A new high-precision two-dimensional (2D) micro-accelerometer is proposed in this study to measure low-frequency vibration. A flexure hinge with low crosstalk and high axial stiffness is used as a spring, and a 2D optical angular displacement sensor is used to detect the motion of the inertial mass. The accelerometer is calibrated using a homemade one-dimensional horizontal micro-vibration calibration system. Furthermore, the accelerometer is dynamically identified through the adaptive least-square method. The resonance frequencies of the accelerometer in X- and Y-axes are identified as 43.16 and 40.31 Hz, respectively. The working frequency ranges of the accelerometer, which are approximately 20% of their resonant frequency, are obtained according to the calibration experimental results. The sensitivities of the accelerometer in the X- and Y-axes are 25.17 and 25.55 V/g, respectively. The resolutions of the accelerometer in the X- and Y-axes are 0.07 and 0.06 mg, respectively. These findings are consistent with the theoretical analysis results. The effectiveness of the accelerometer is verified by measuring low-frequency and low-amplitude dynamic responses.

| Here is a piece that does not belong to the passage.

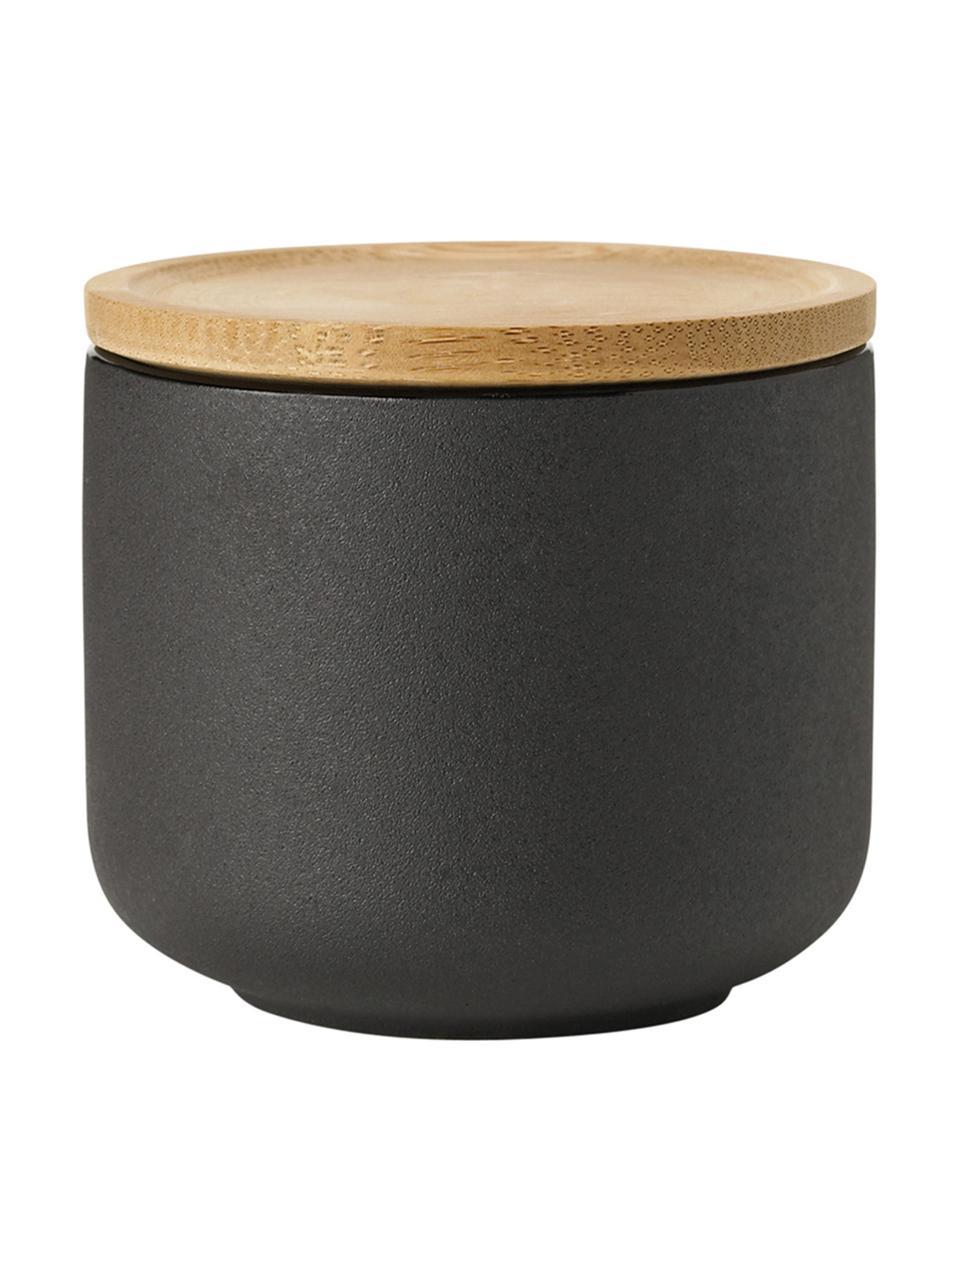 Becher Theo in Schwarz mit Deckel/Untersetzer, Becher: Feinsteinzeug, Deckel: Bambus, Schwarz, Ø 9 cm

在这项研究中提出了一种新的高精度二维（2D）微加速度计来测量低频振动。具有低串扰和高轴向刚度的挠性铰链用作弹簧，而2D光学角位移传感器用于检测惯性质量的运动。加速度计使用自制的一维水平微振动校准系统进行校准。此外，加速度计是通过自适应最小二乘法动态识别的。加速度计在X轴和Y轴上的共振频率分别标识为43.16和40.31 Hz。根据校准实验结果获得加速度计的工作频率范围，大约是其谐振频率的20％。X和Y轴上的加速度计的灵敏度分别为25.17 V / g和25.55 V / g。X和Y轴上的加速度计分辨率分别为0.07和0.06 mg。这些发现与理论分析结果一致。通过测量低频和低幅动态响应可以验证加速度计的有效性。